# Capstone Project 2: Indonesia Tourism Recommender System

### Problem Statement:

Indonesia wants to boost its tourism industry using advanced machine-learning techniques. You’re tasked with using the tourism data collected by the Indonesian government to understand tourist preferences and build a recommender system to recommend places to tourists.

### Overview:

For effective marketing, it is of utmost importance to understand the customers(tourists) and their expectations. The recommender system is a great technique to augment the existing marketing outreach to prospects. This project requires you to perform exploratory data analysis and create a recommender system.

### Input Dataset:

The government has provided you with three input files: 

- tourism_with_id.xlsx - it has information on tourist attractions in 5 major cities of Indonesia. </br>
- user.csv - it contains demographic information about the users to make recommendations. </br>
- tourism_rating.csv - it contains 3 columns - the user, the place, and the rating given, and serves to create a recommendation system based on the rating.</br>
 

### Directions: 

1. Import all the datasets and perform a preliminary inspection. </br>
    a. Check for missing values and duplicates. </br>
    b. Remove any anomalies found in the data. </br>


2. Explore the data in depth to understand the tourism patterns. </br> 
    a. Explore the user group that provides the tourism ratings by answering the following questions: </br>
        i. The age distribution of users visiting the places and giving the ratings.
        ii. What are the places from where most of these users (tourists) are coming from? 
    b. Explore the locations and categories of tourist spots by answering the following questions: </br>
        i. What are the different categories of tourist spots? 
        ii. What kind of tourism each city/location is most famous or suitable for?
        iii. Which city would be best for a nature enthusiast to visit?
        iv. What is the average price/cost of these places?
    c. Create combined data with places and their user ratings.
    d. Use this data to figure out the spots that are most loved by the tourists. Also, which city has the most loved tourist spots? </br>
    e. Indonesia provides a wide range of tourist spots ranging from historical and cultural beauties to advanced amusement parks. What category of places are the most popular among tourists? </br>


3. Build a Recommendation model for the tourists. </br>
    a.  Use the above data to develop a collaborative filtering model for recommendation. And use that to recommend other places to visit using the current tourist location (place name). </br>

In [None]:
import pandas as pd
import matplotlib.pyplot as plt
import seaborn as sns

# Import all the datasets and perform the preliminary inspection.

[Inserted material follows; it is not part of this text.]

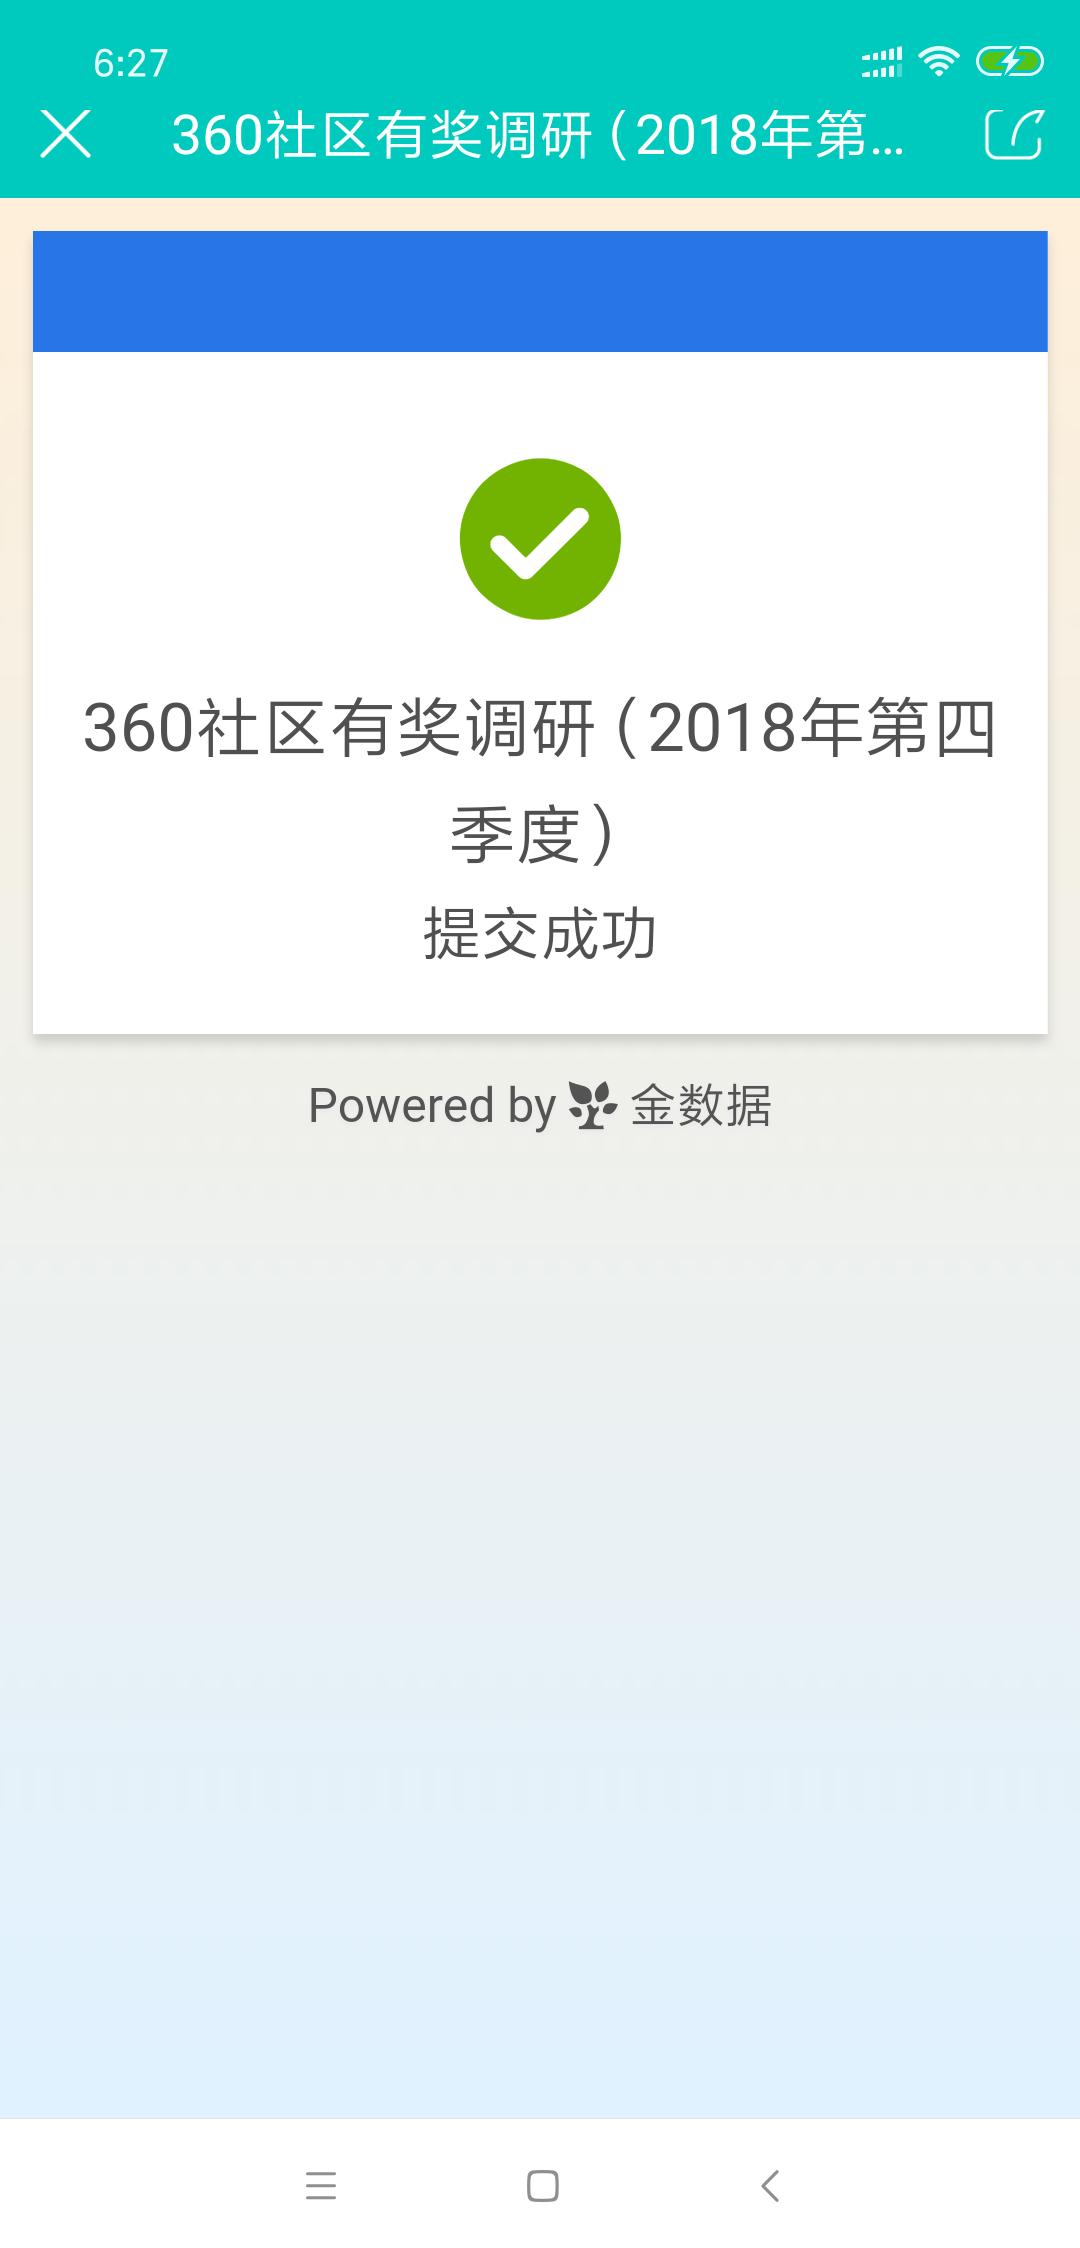 Screenshot_2019-01-05-06-27-54-938_com.qiku.bbs.png

> *   Check for missing values and duplicates.
> *   Remove any anomalies found in the data.


In [None]:
tourism_with_id = pd.read_excel('tourism_with_id.xlsx')
tourism_rating = pd.read_csv('tourism_rating.csv')
user = pd.read_csv('user.csv')

In [None]:
tourism_with_id.head(2)

In [None]:
user.head(2)

In [None]:
tourism_rating.head(2)

In [None]:
tourism_with_id.info()

In [None]:
tourism_with_id.isna().sum()

In [None]:
tourism_with_id.columns

## Remove columns: 
Remove the excess or unnecessary columns from the dataset.

In [None]:
# Remove the excess columns from tourism_with_id[]
tourism_with_id.drop(columns = ['Unnamed: 11', 'Unnamed: 12', 'Time_Minutes', 'Coordinate'], inplace = True)

In [None]:
tourism_with_id.info()

In [None]:
user.info()

In [None]:
tourism_rating.info()

In [None]:
tourism_with_id.columns = tourism_with_id.columns.str.strip()

# 2. To understand the tourism highlights better, we should explore the data in depth.
## a. Explore the user groups used to get the tourism ratings.
> 1. The age distribution of users visiting the places and giving the ratings.


In [None]:
# Create a bar plot and box plot to visualize the age distribution of the tourists visiting Indonesia.



> 2. What are the places from where most of these users (tourists) are coming from?

In [None]:
user['city'] = user.Location.apply(lambda x: x.split(",")[0])

In [None]:
# Visualize the most frequented cities in Indonesia


## b. Next, explore the locations and categories of tourist spots.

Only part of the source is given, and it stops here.